うそつき執事の優しいキス

 だいぶ早く家を出たから、宗樹と二人で君去津についた時は、多分、誰も来ていないだろうって、思えるぐらい早い時間だったけれど。


 蔵人さんの歌を聞いて色々やってたから、授業時間が迫ってる。


 それでも、わたしは、自分の考えが合っているかどうか、すぐに知りたかったんだ。


 自分の耳は信じてるけど、やっぱり一度、正確な音が知りたい。


 朝のホームルームが始まる前に、ピアノの前に蔵人さんを連れて行きたいんだけれど……!

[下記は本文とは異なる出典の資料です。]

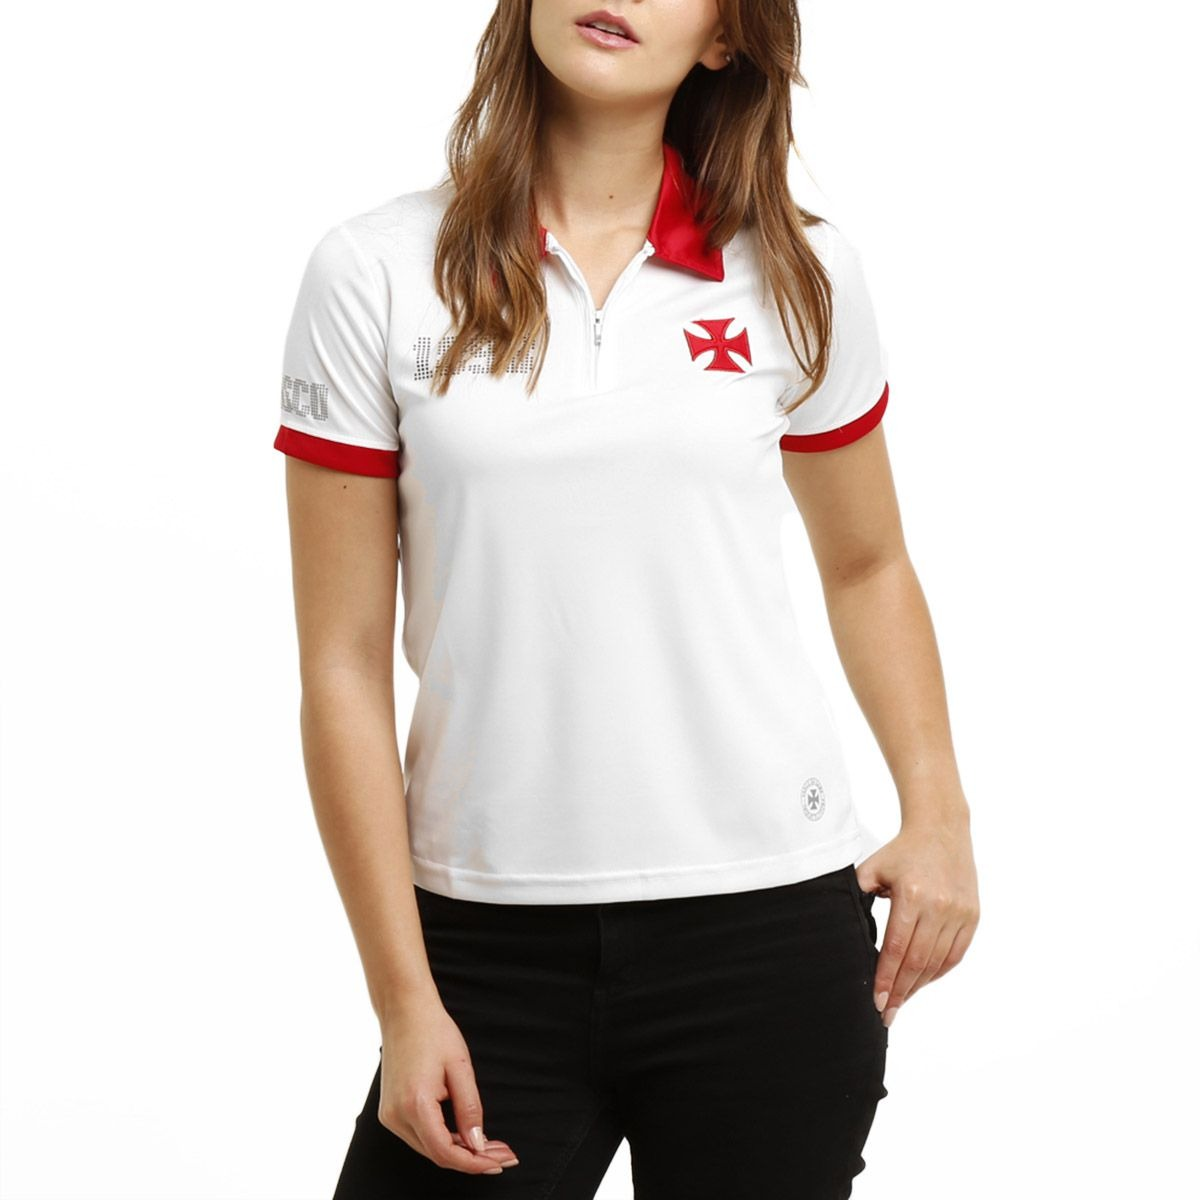 0b8893339b775 Kit C  6 Camisas Polo Femininas Vasco Dry Soft Oficial + Nf - R  149 ...

 新入生のわたしが、勝手に使って良いピアノの当てなんて、無……………あった!


 第三音楽準備室!


 Cards soldierの部屋なら、問題無いかな!?


 昨日のお昼休み。


 井上さんに、準備室に放り込まれた時、ちらっとアップライトのピアノを見かけたような気がする。


 多分、楽器のチューニング用だけど、そのピアノを少し使ってもいいかな?


 Cards soldierの一大事だもん!


 一昨日のステージのもめ具合を見たあたり、神無崎さんと蔵人さんの相性が良いのか、果てしなく謎だけど!


 ピアノぐらい心良く、貸してくれるよね!?


「先輩! 今すぐ、ガッコ行きましょう!」


 わたしが叫ぶと、蔵人さんは『うん、是非……』って言いかけ、すぐ困った顔をした。